In phase 2 (13 months - 2 years), the investigators will introduce cortical stimulation at either the PFC or ACC/cingulum in addition to stimulation at the ALIC. The investigators will continue to obtain brain recordings and ratings during this period of time to identify the impact of cortical stimulation on these signals.
Eligibility
Inclusion Criteria:
- Ability to give informed consent for the study
- Age 22-75
- Clinical diagnosis of OCD
- Documented duration of OCD of at least 5 years
- OCD rated as severe or extreme illness (YBOCs ≥ 28)
- Has failed to improve following treatment with at least two selective serotonin reuptake inhibitors (SSRIs), clomipramine, and augmentation with antipsychotics
- Has not responded to adequate trials of cognitive behavior therapy (exposure and response prevention)
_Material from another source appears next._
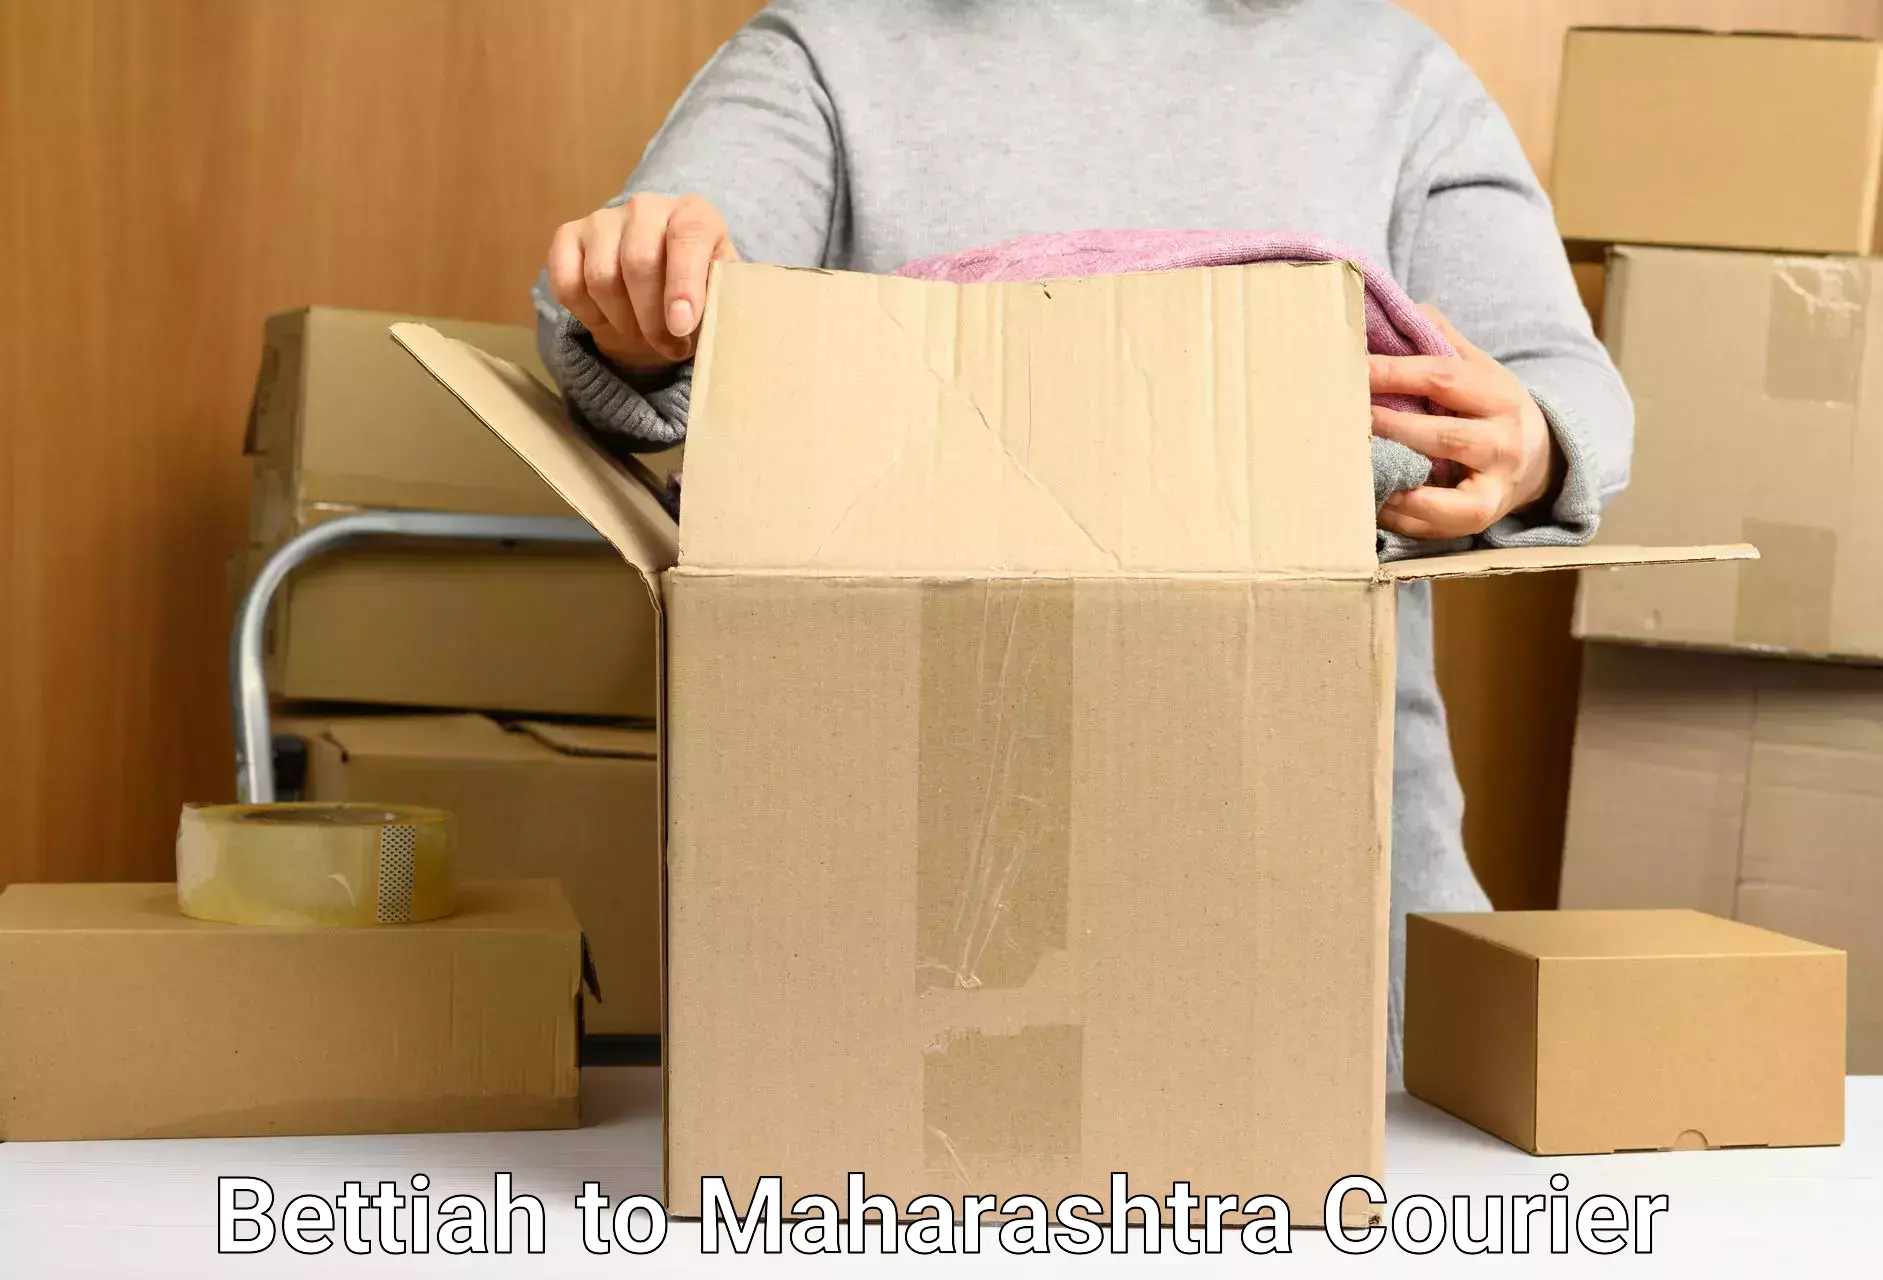 Custom courier packaging Bettiah to Parbhani

- Has not responded adequately to TMS treatment for OCD if it is reasonably available to the patient
Exclusion Criteria:
- Has hoarding as a primary subclassification of OCD according to DSM-4
- Has another severe psychiatric disorder (personality disorder, psychotic/bipolar disorder, etc) or substance abuse issues
- Is pregnant
- Has an abnormal MRI assessed by the team or has a neurological condition requiring an MRI in the future
- Has a cognitive disorder or dementia
- Is at imminent risk for suicide based upon Suicide Severity Rating Scale (SSRS) or has ever attempted suicide
- Inability to comply with study follow-up visits
- Major comorbidity increasing the risk of surgery (prior stroke, severe hypertension, severe diabetes, or need for chronic anticoagulation other than aspirin)
- Allergies or known hypersensitivity to materials in the Activa systems (i.e. titanium, polyurethane, silicone, polyethermide, stainless steel).
- Previous cranial ablative or deep brain stimulation surgery.
- Patients may be excluded from enrollment due to a condition that, in the judgement of the PI, significantly increases risk or reduces significantly the likelihood of benefit from DBS.